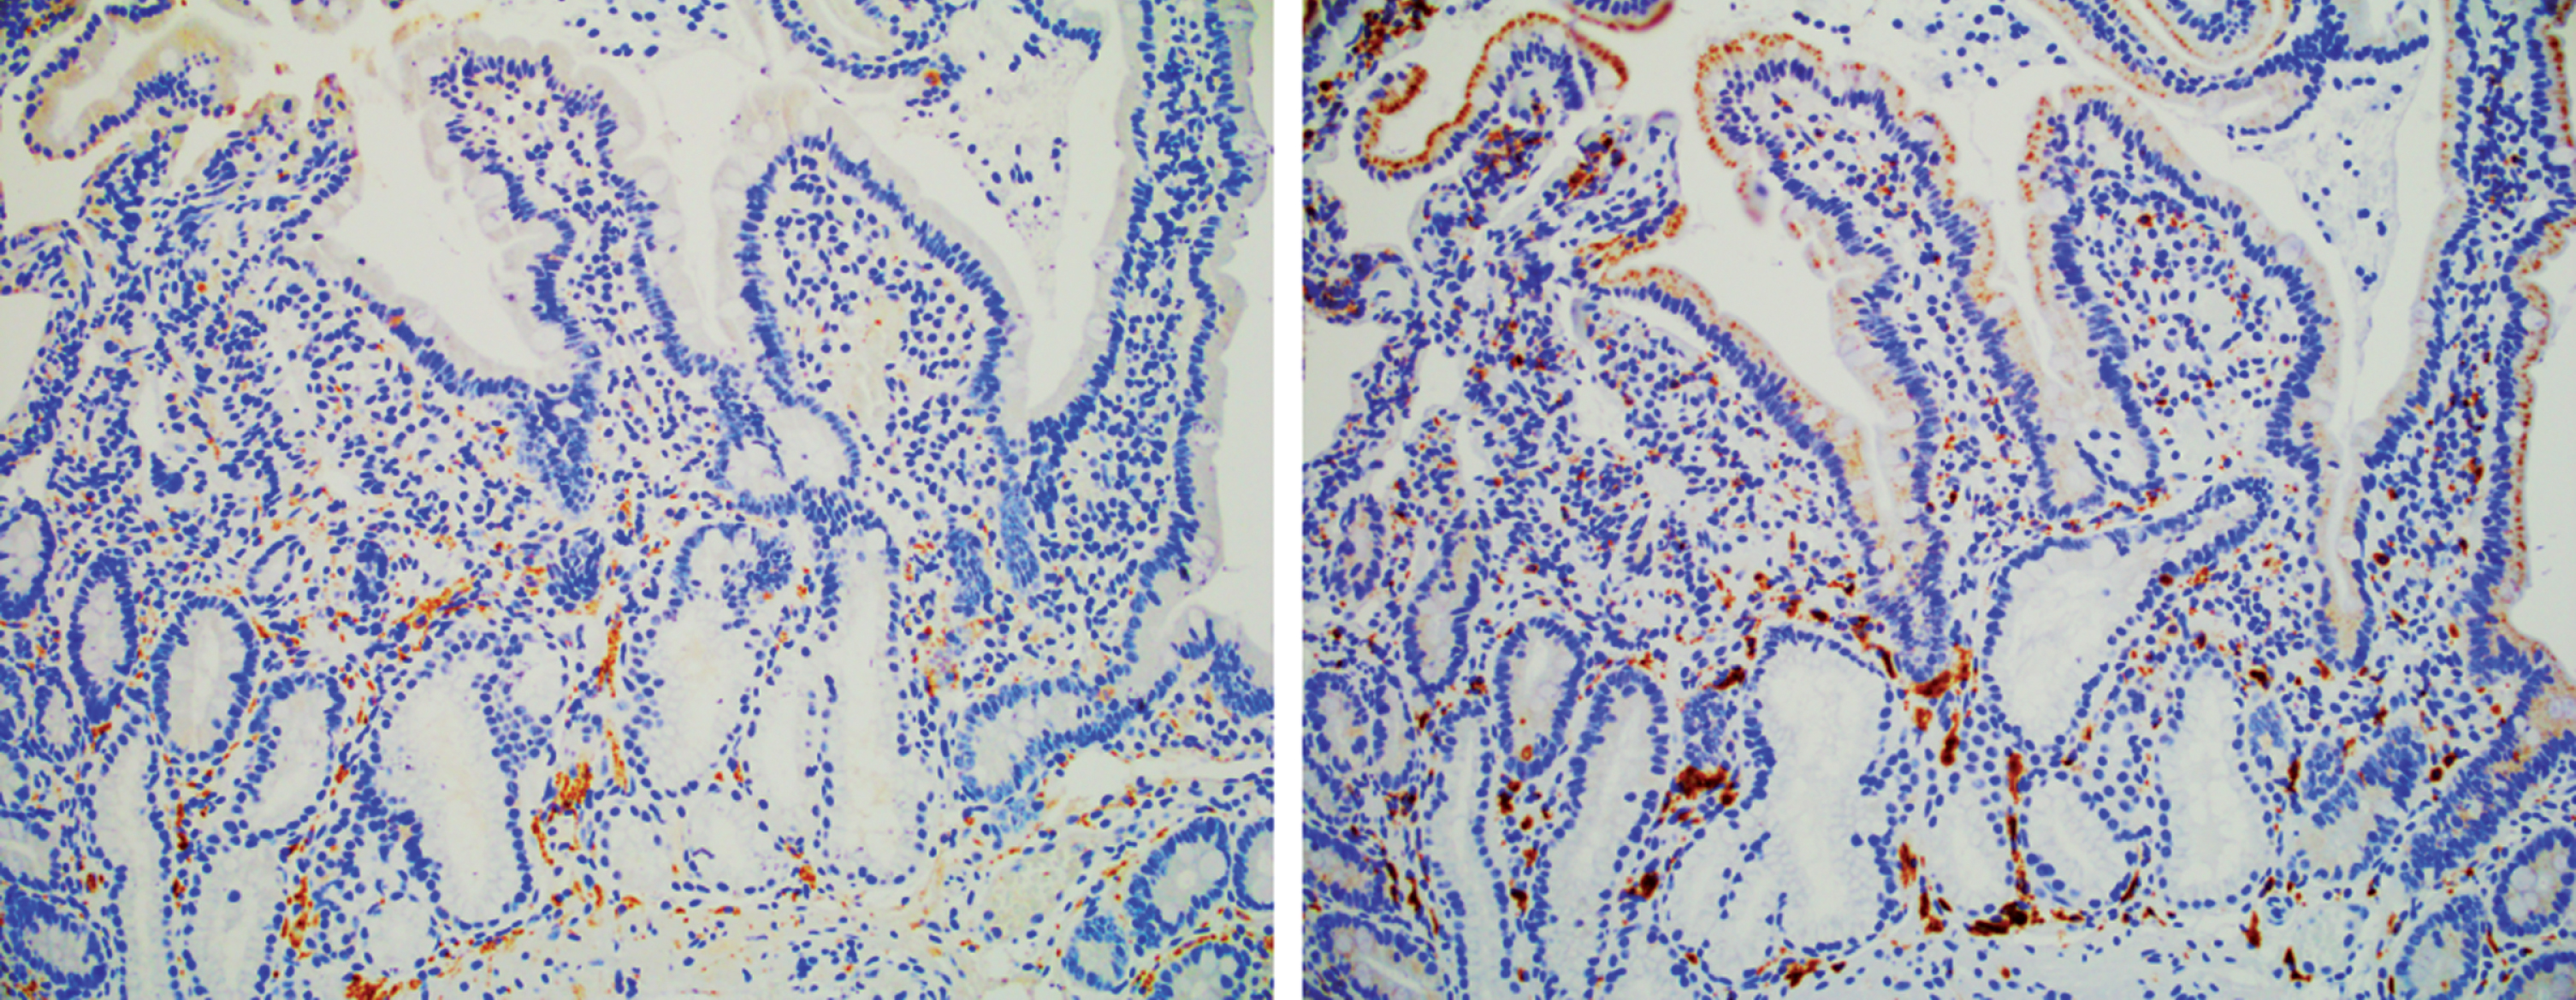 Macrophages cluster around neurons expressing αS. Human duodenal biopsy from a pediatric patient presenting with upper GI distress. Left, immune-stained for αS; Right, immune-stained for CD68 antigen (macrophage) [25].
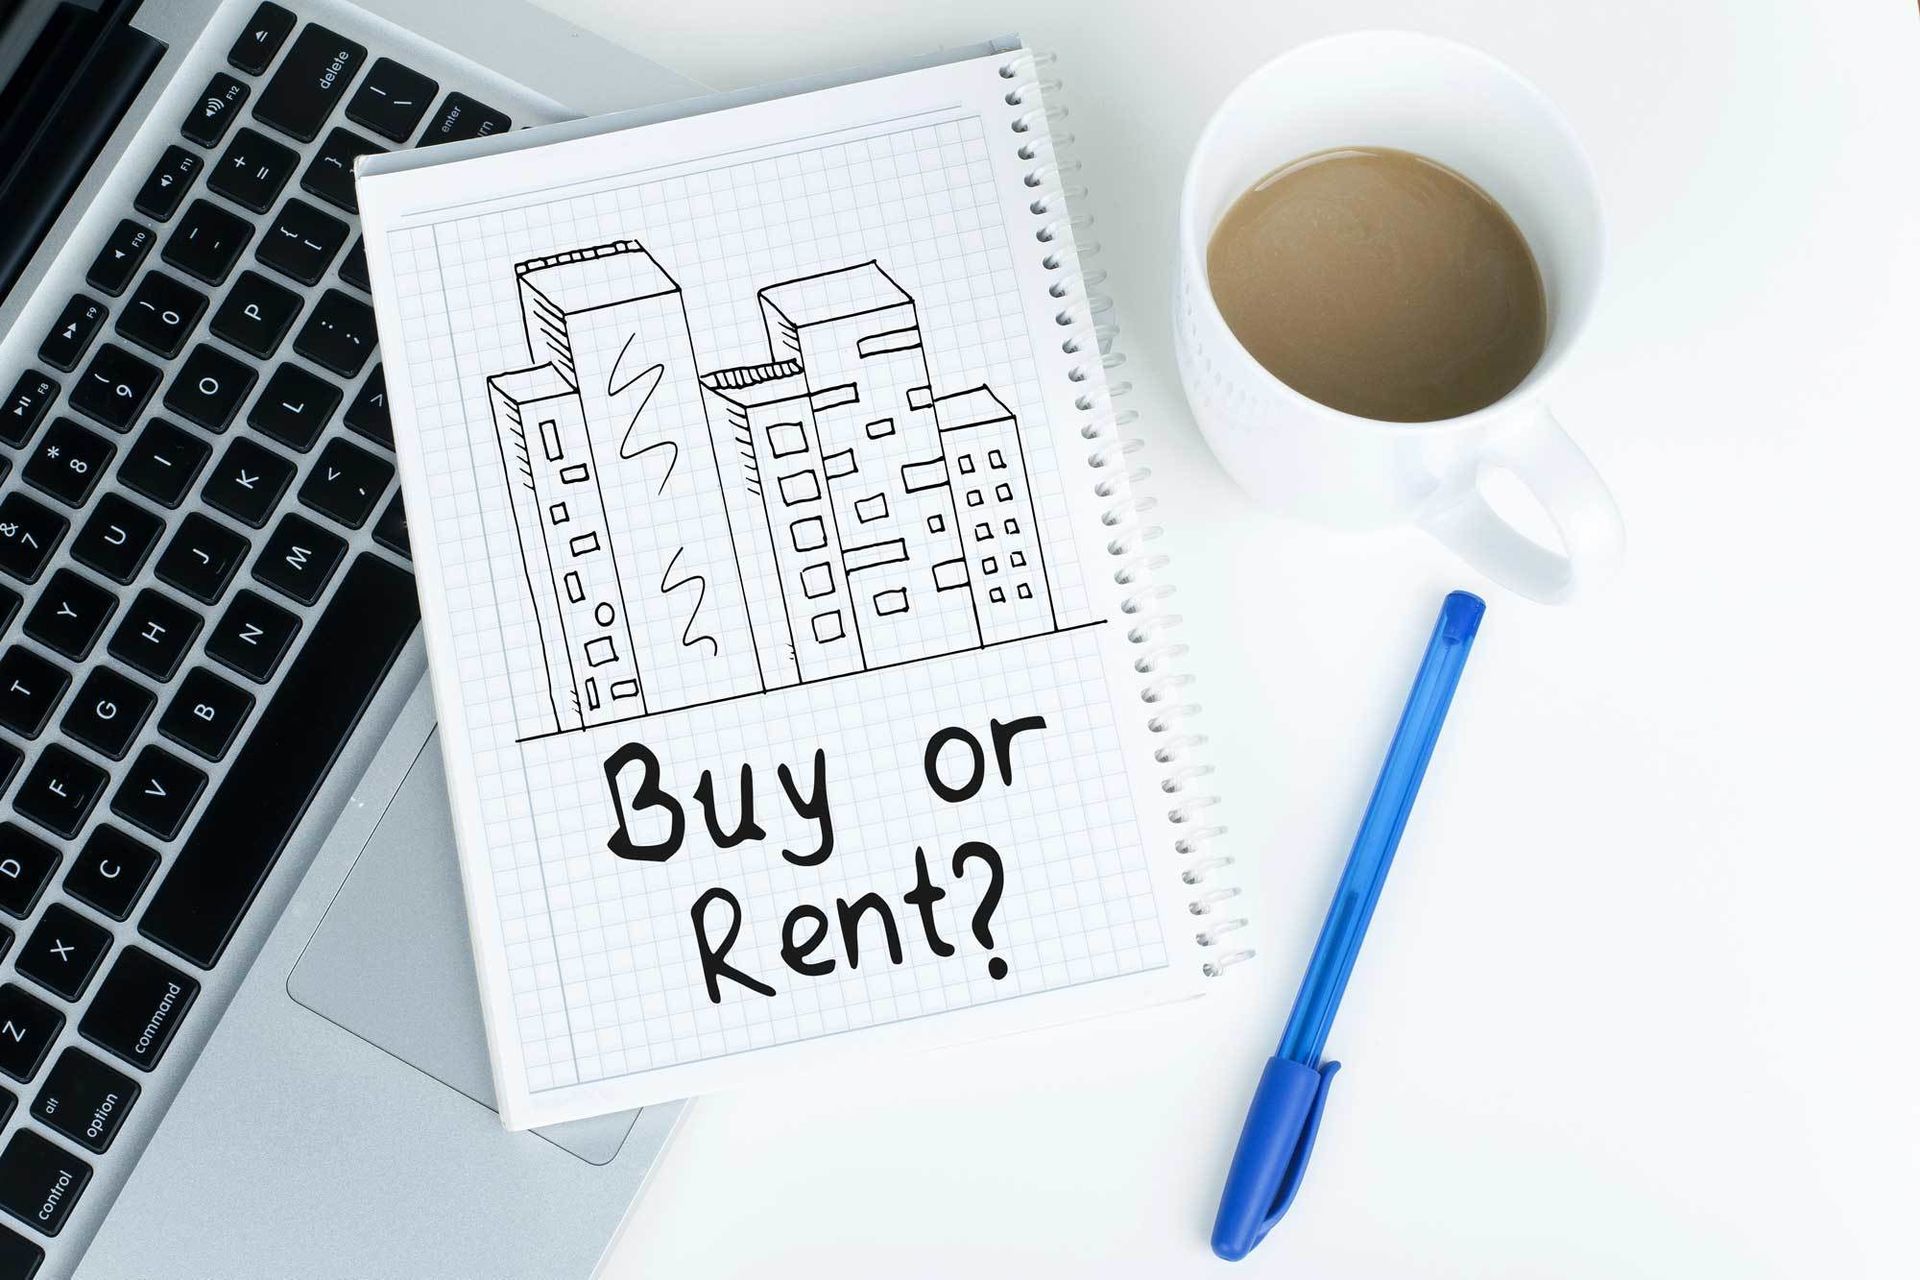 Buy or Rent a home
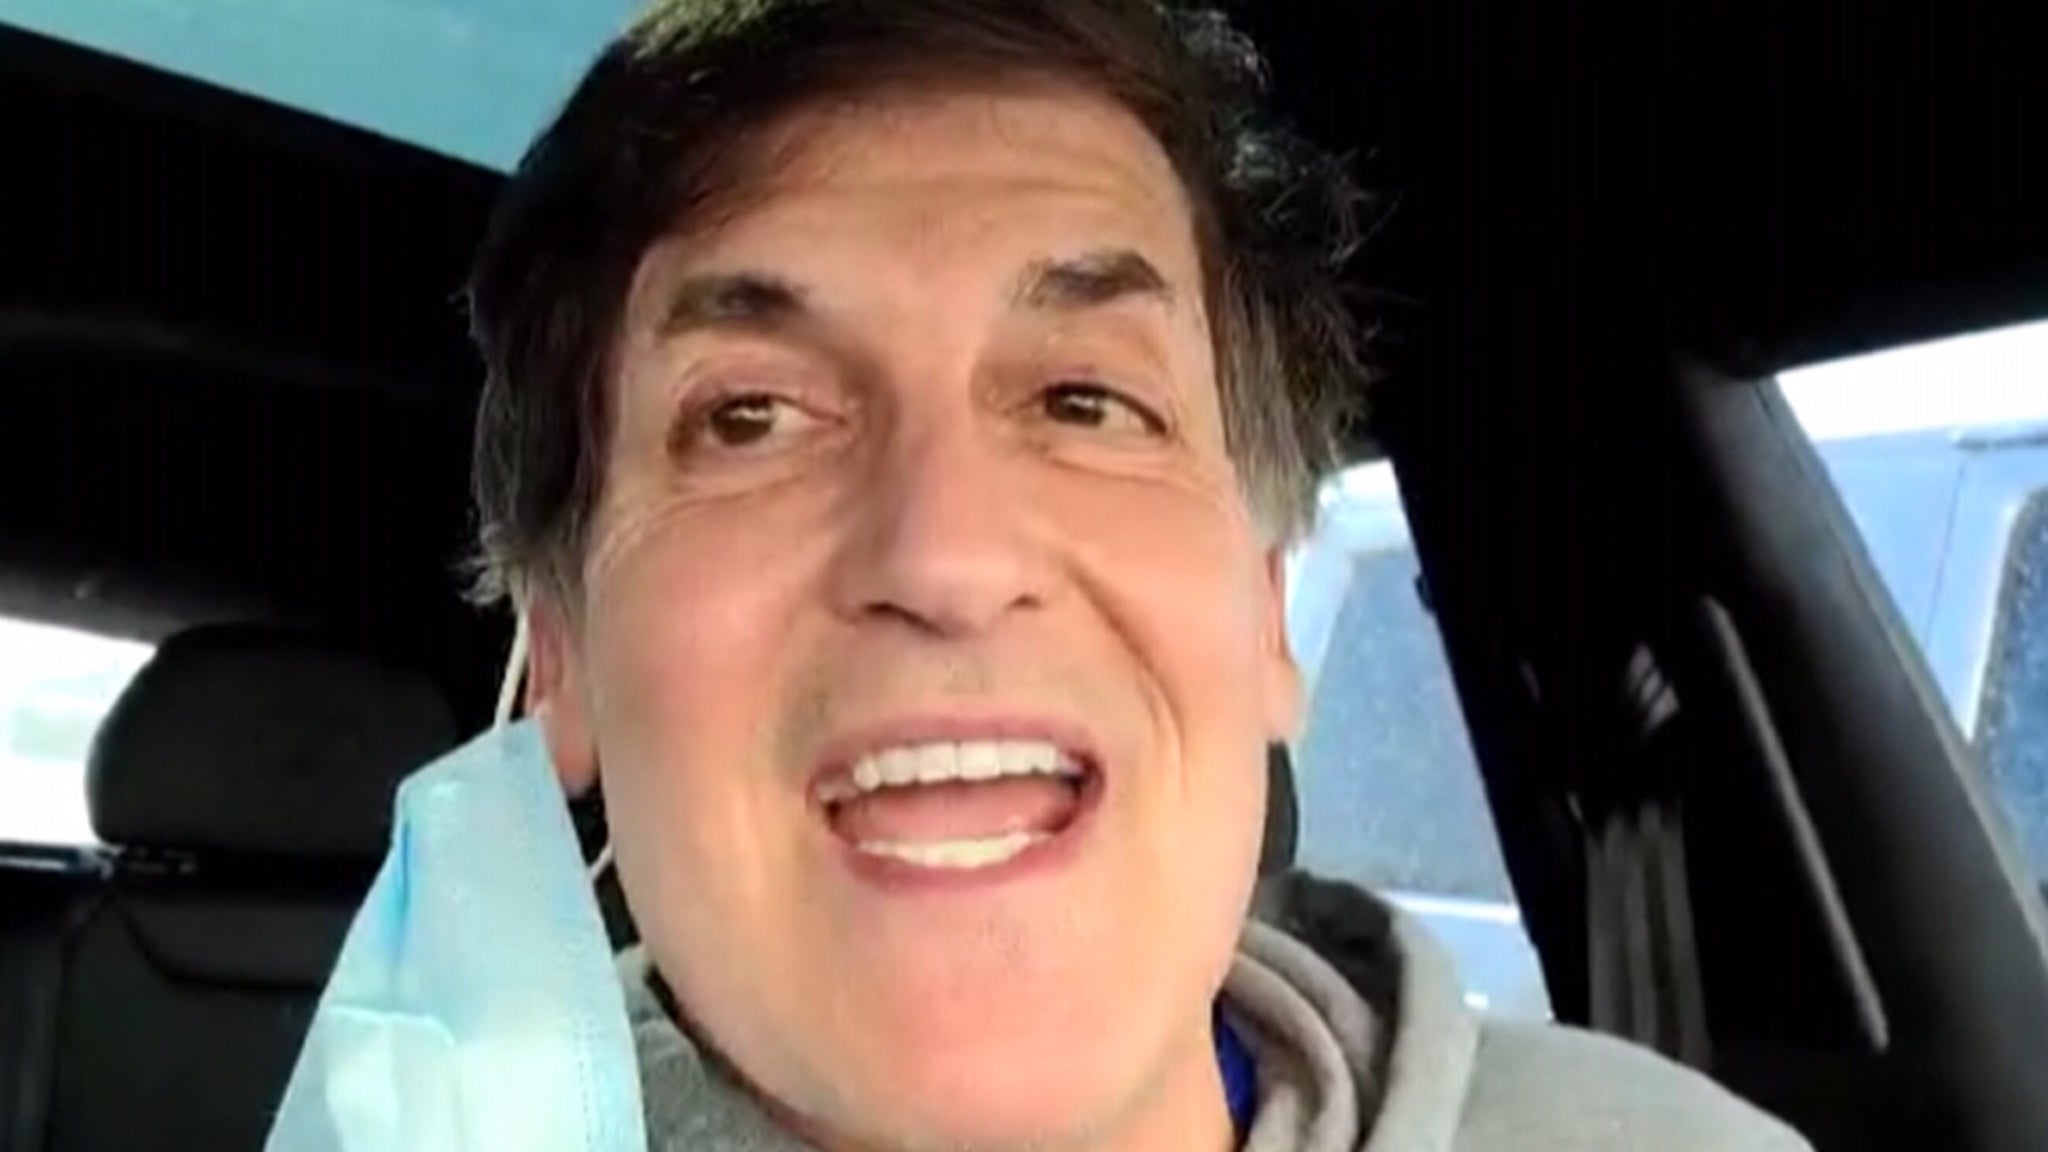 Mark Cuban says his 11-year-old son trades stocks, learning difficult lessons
────────────────────────────────────────
== Task objective ==
Please give again, exactly and only, the lines from the top of the listing above through the line that has "Buy or Rent a home", with pictures left out.

== The completed task ==
 Macrophages cluster around neurons expressing αS. Human duodenal biopsy from a pediatric patient presenting with upper GI distress. Left, immune-stained for αS; Right, immune-stained for CD68 antigen (macrophage) [25].
 Buy or Rent a home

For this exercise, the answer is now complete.